Only time will tell this, but one can easily guess that if the disinvestment of CIL is not done in 2010, opposition against it will be much more aggressive in the next couple of years since West Bengal is scheduled to go to polls in 2011. In the year 2009, public sector hydro power generator NHPC and Oil India got listed on stock exchanges, raising Rs 6,000 crore and over Rs 2,600 crore respectively. Whatever doubts remain on disinvestment front like issue pricing and disinvestment of CIL, credit must be given to the UPA government for making it pretty clear in the beginning itself that it will not divest its equity below 51 per cent. In fact, Finance Minister Pranab Mukherjee said the government does not seek to divest more than 10 per cent in state-run firms for now. A government official said the disinvestment department is in talks with administrative ministries of the 60 CPSUs.

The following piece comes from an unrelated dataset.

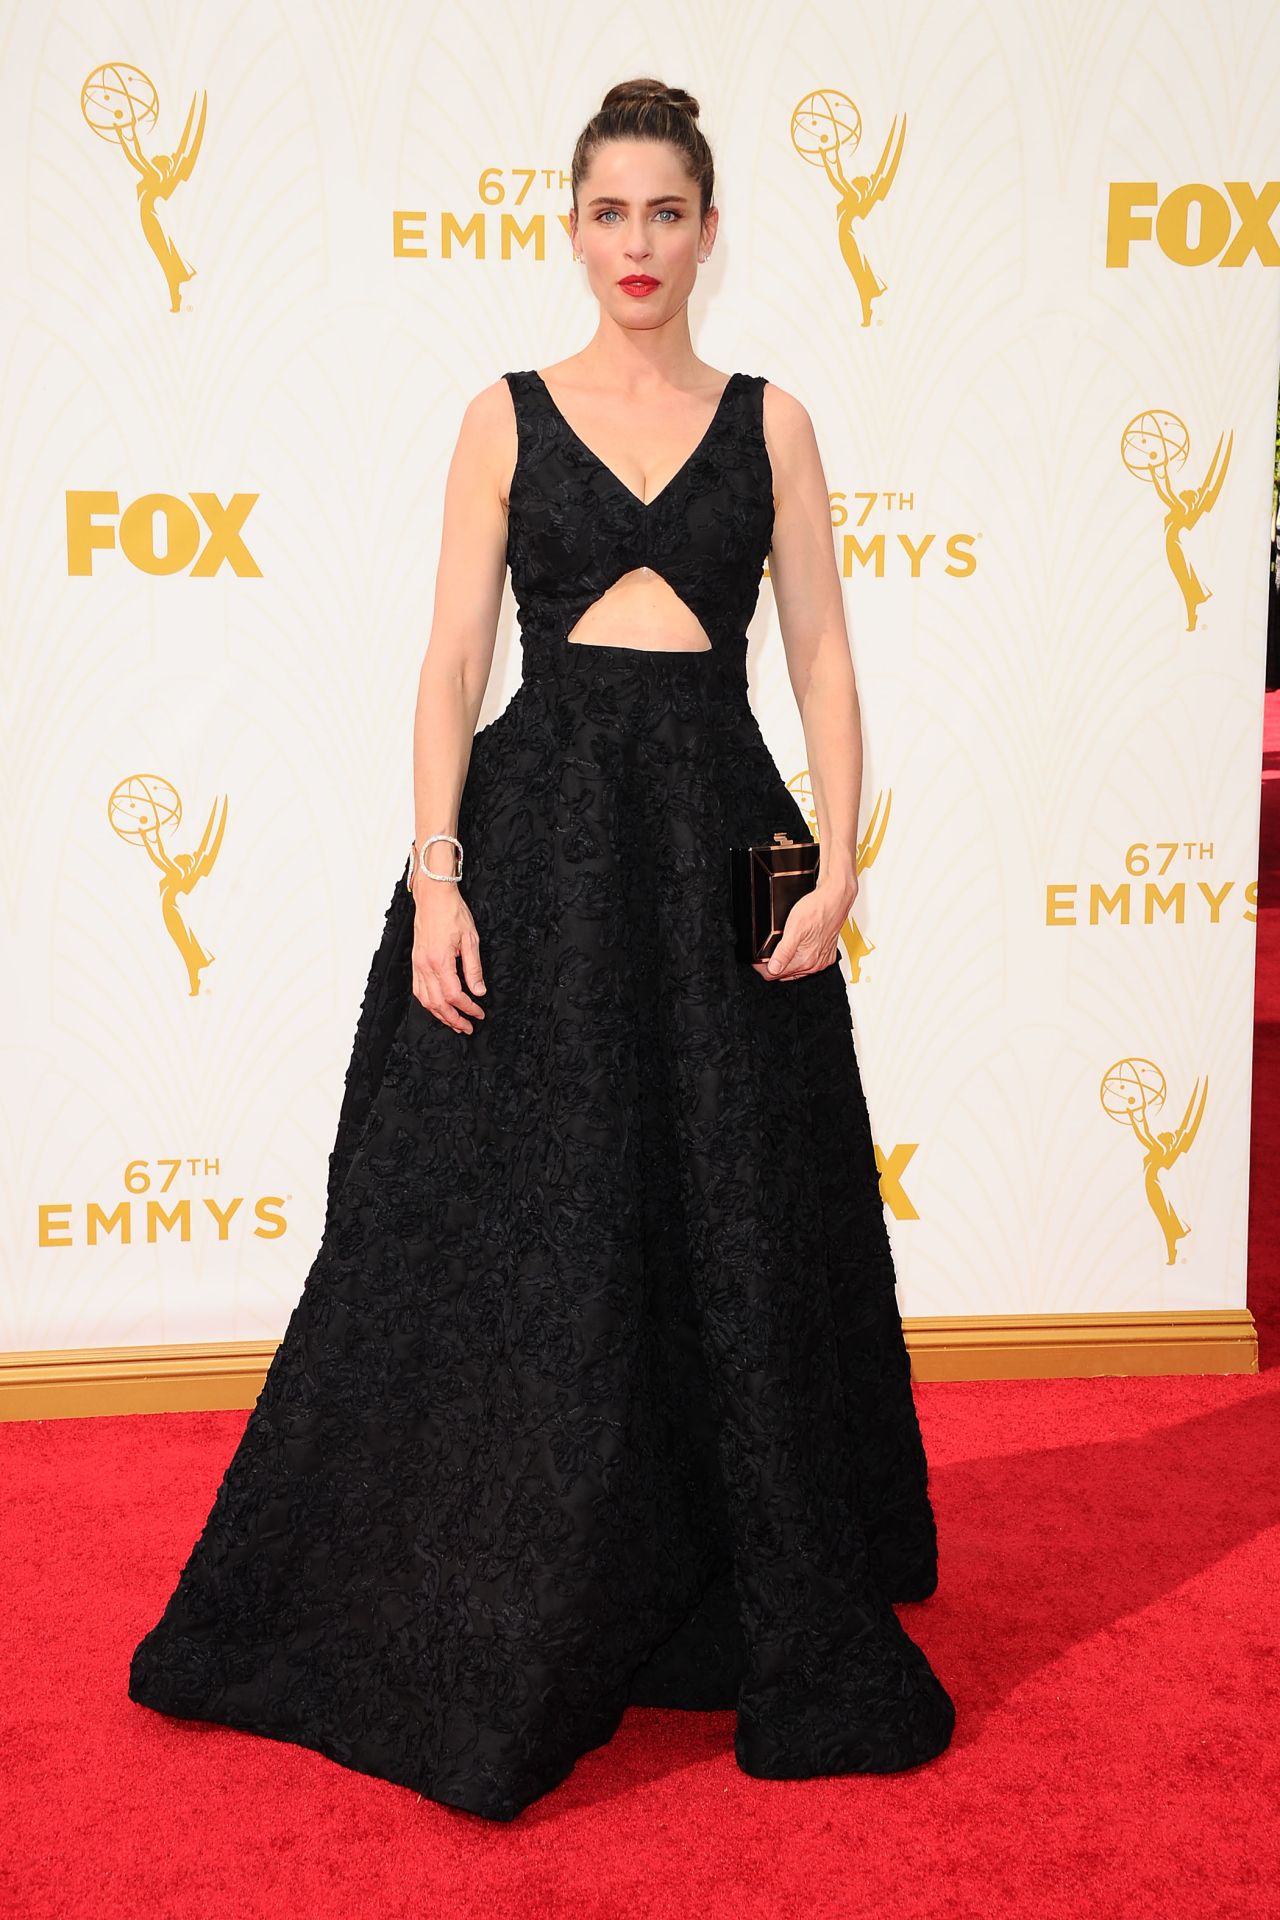 Amanda Peet – 2015 Primetime Emmy Awards in Los Angeles

“We are in interaction with the Ministry of Steel for SAIL, we are in interaction with communications ministry on BSNL..We are in interaction on a large number of these 60 companies with their administrative ministries. We are in interaction with them but it does not mean that we are close to divesting them,” he said.

Recently, the Finance Ministry asked 32 nodal ministries to identify state-run firms where the government stake could be sold and asked them to reply by the end of this month. The government has also changed the criteria of using the proceeds of disinvestment for three years. The proceeds for three years would go to National Investment Fund (NIF) and will be available in full for investment as capital expenditure in social sector schemes. Disinvestment of some of unlisted 50 PSUs would not only make them accountable, but would also give them and the government much-needed resources which will now be used for social welfare schemes for three years.